June 2nd, 2005 at 8:05 pm
“When you think about it, these women’s blogs are remarkably subversive, destablizing even.”
Yes, yes, yes!! Women’s sexblogs have huge radical potential because they–finally!—give each woman a place where she can speak her own truths in her own voice, unfiltered and unedited by men or by social expectations or by cultural norms.
The phenomenon of women sexblogging is a huge force for change towards true sexual equality—which does NOT mean sexual sameness, but which DOES value and celebrate sexual expression in its countless forms.
I’m endlessly proud to be a small part of this revolution-in-progress.
DTG xxoo
Pussy Talk
June 3rd, 2005 at 4:28 pm
First of all thanks for the headline introduction!
Next, I remember reading about a study a few years ago that at least inadvertently revealed that when women can answer questions about sex anonymously their answers tend to be a lot more complete than if they felt they were under observation. (When I say it may have been inadvertent I mean I’m not sure the researchers were probing for those results.)
Anyway, to that extent I think the advent of blogging, with its combination of relatively strong anonymity with possibly wide readership really does make a difference.

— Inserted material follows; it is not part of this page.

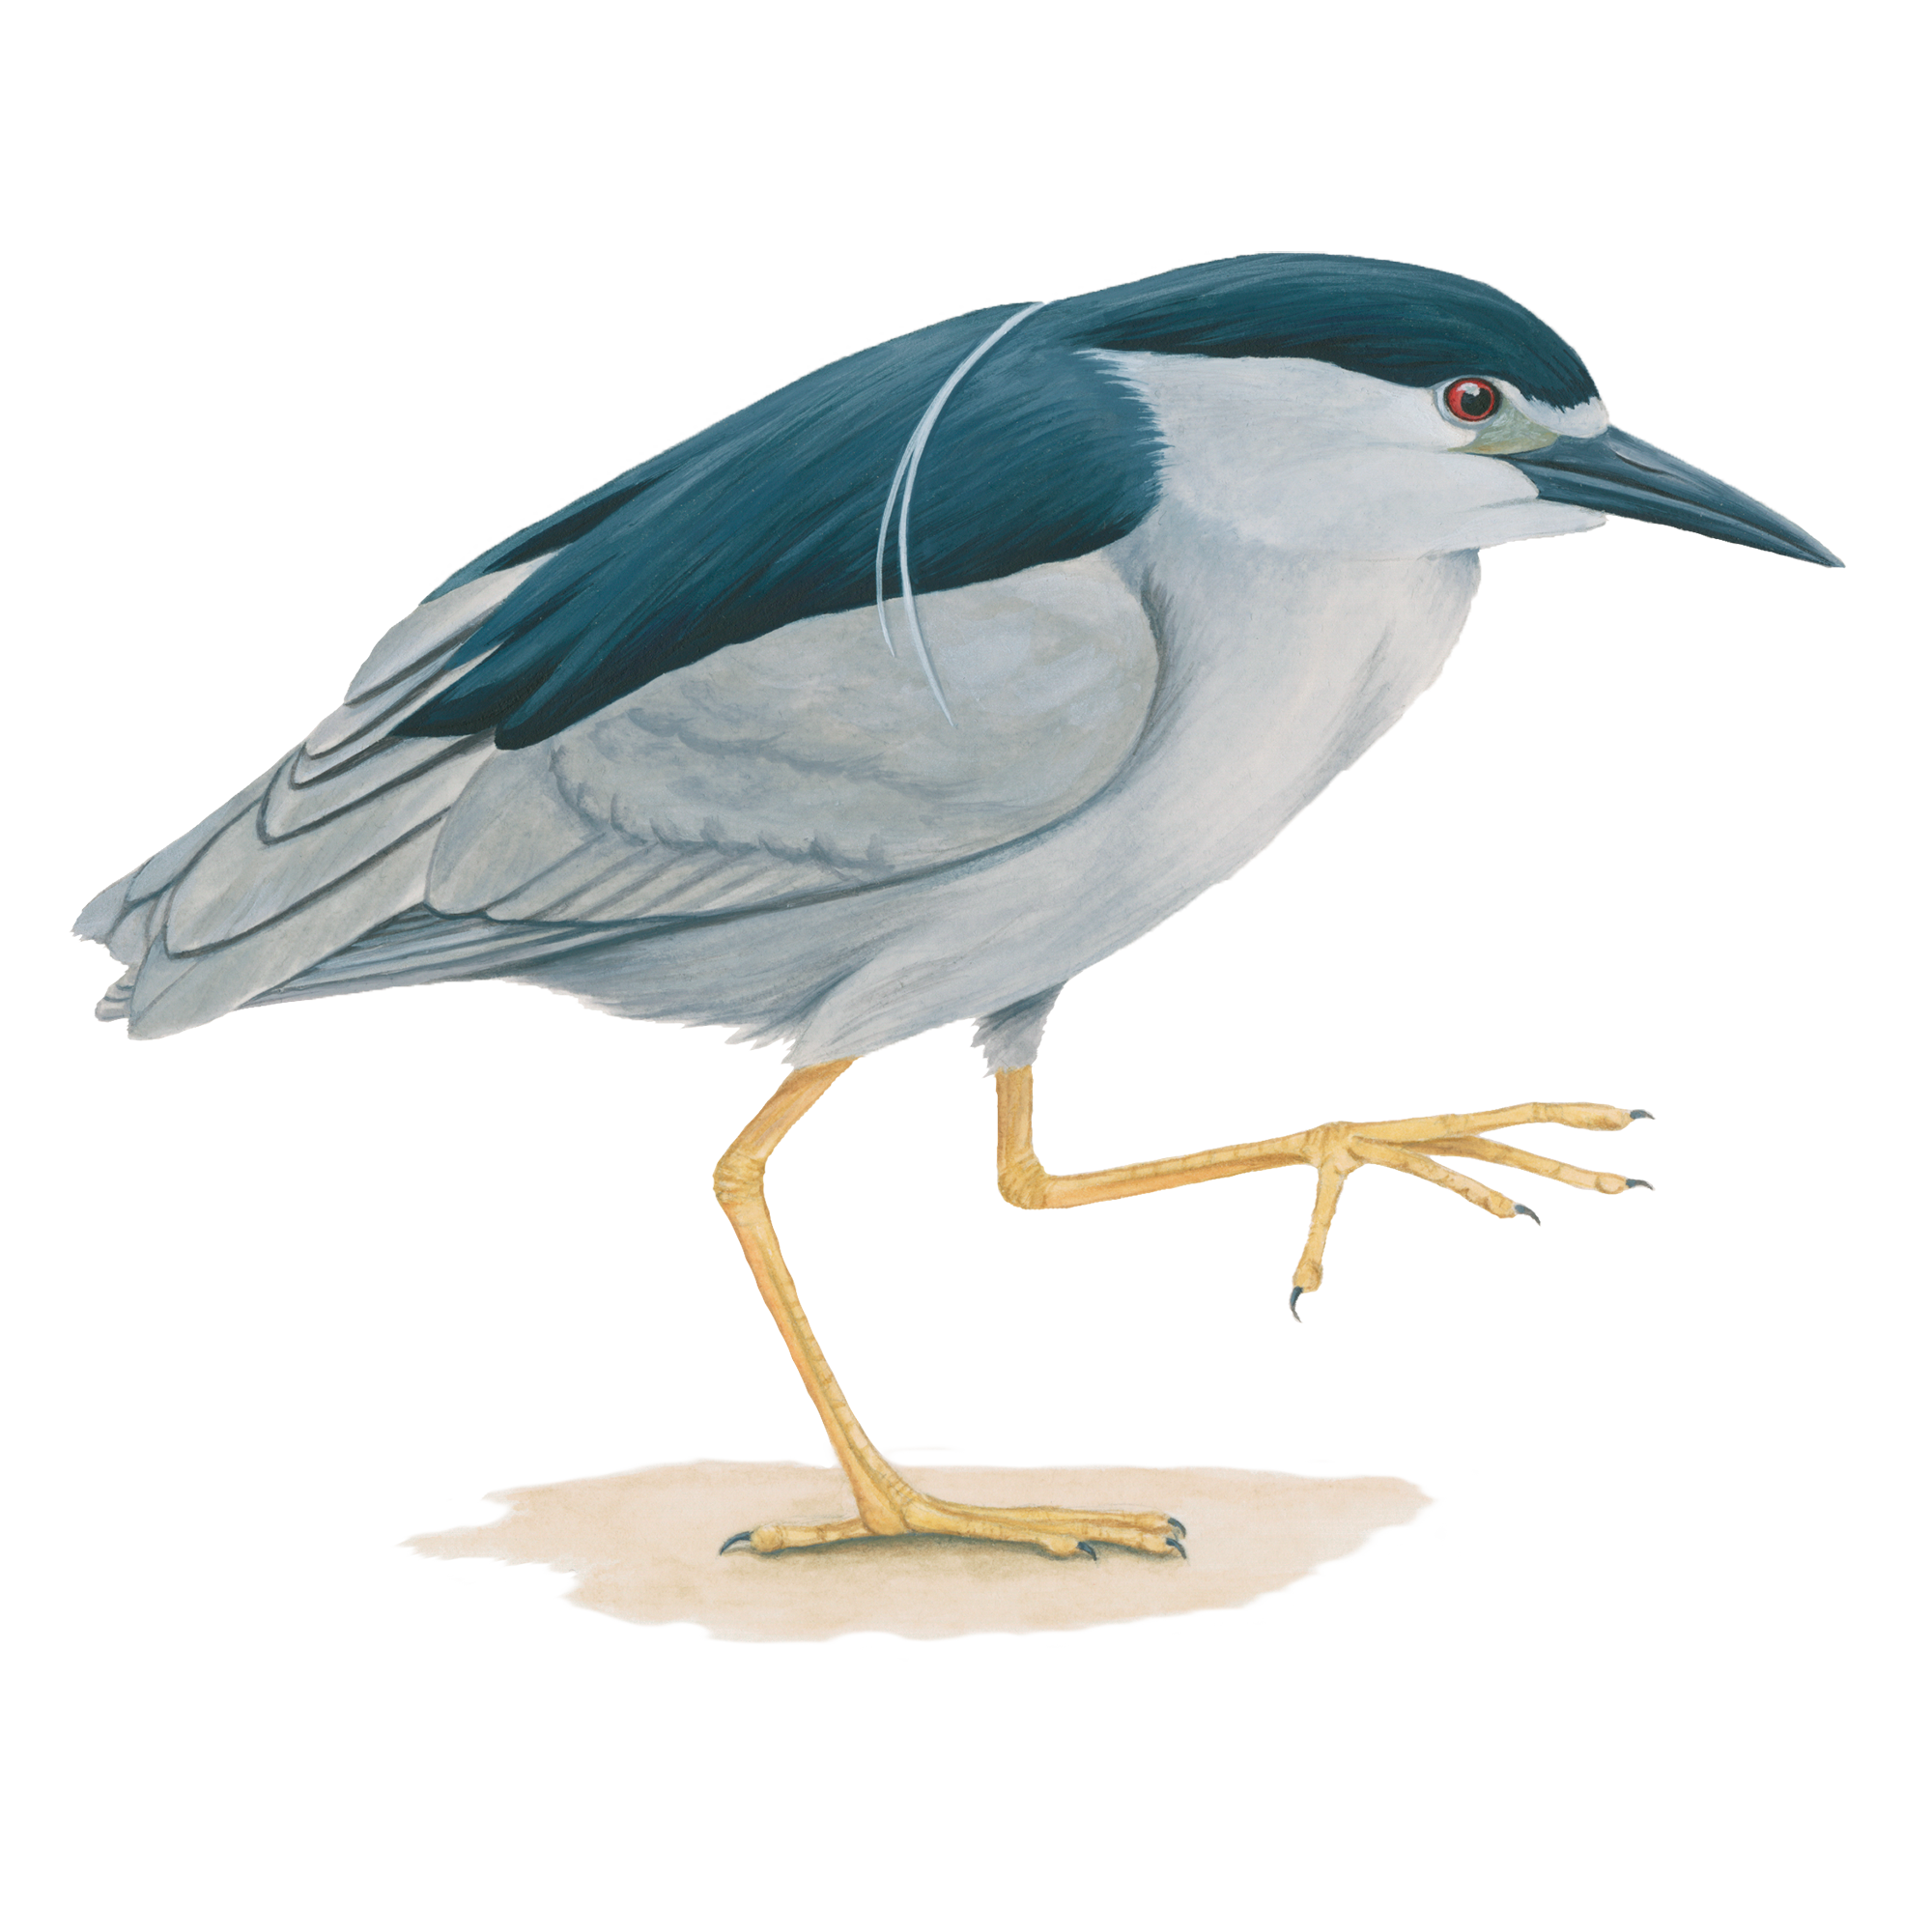 Heron PNG Image

Finally, I’m really happy that you’re doing what you’re doing. Like Ell and too many other people it’s extremely tedious trying to find people making porn anyone with a brain could reasonably enjoy. I still think there’s at least a solid handful out there, but with somewhere from a hundred thousand and a million nominal sex sites in the world (estimates vary radically and most of these are dead and/or referrer sites) they’re harder to find than pearls in the landfill behind a seafood factory.
June 5th, 2005 at 8:31 pm
I agree wholeheartedly with what you say about Housewyfe and Ell and others like Virgin Slut, DTG, Freya, Bliatz, Red, Tieme-n-spankme - just to name a few!
Personally I would much rather read about real life sex than boring porn scenarios.
June 11th, 2005 at 8:24 am
“Women’s sexblogs have huge radical potential because they–finally!—give each woman a place where she can speak her own truths in her own voice, unfiltered and unedited by men or by social expectations or by cultural norms.”
Yes, yes!! I am so happy to have so recently discovered this…and other people writing about it, giving words to what I’ve only dimly perceived.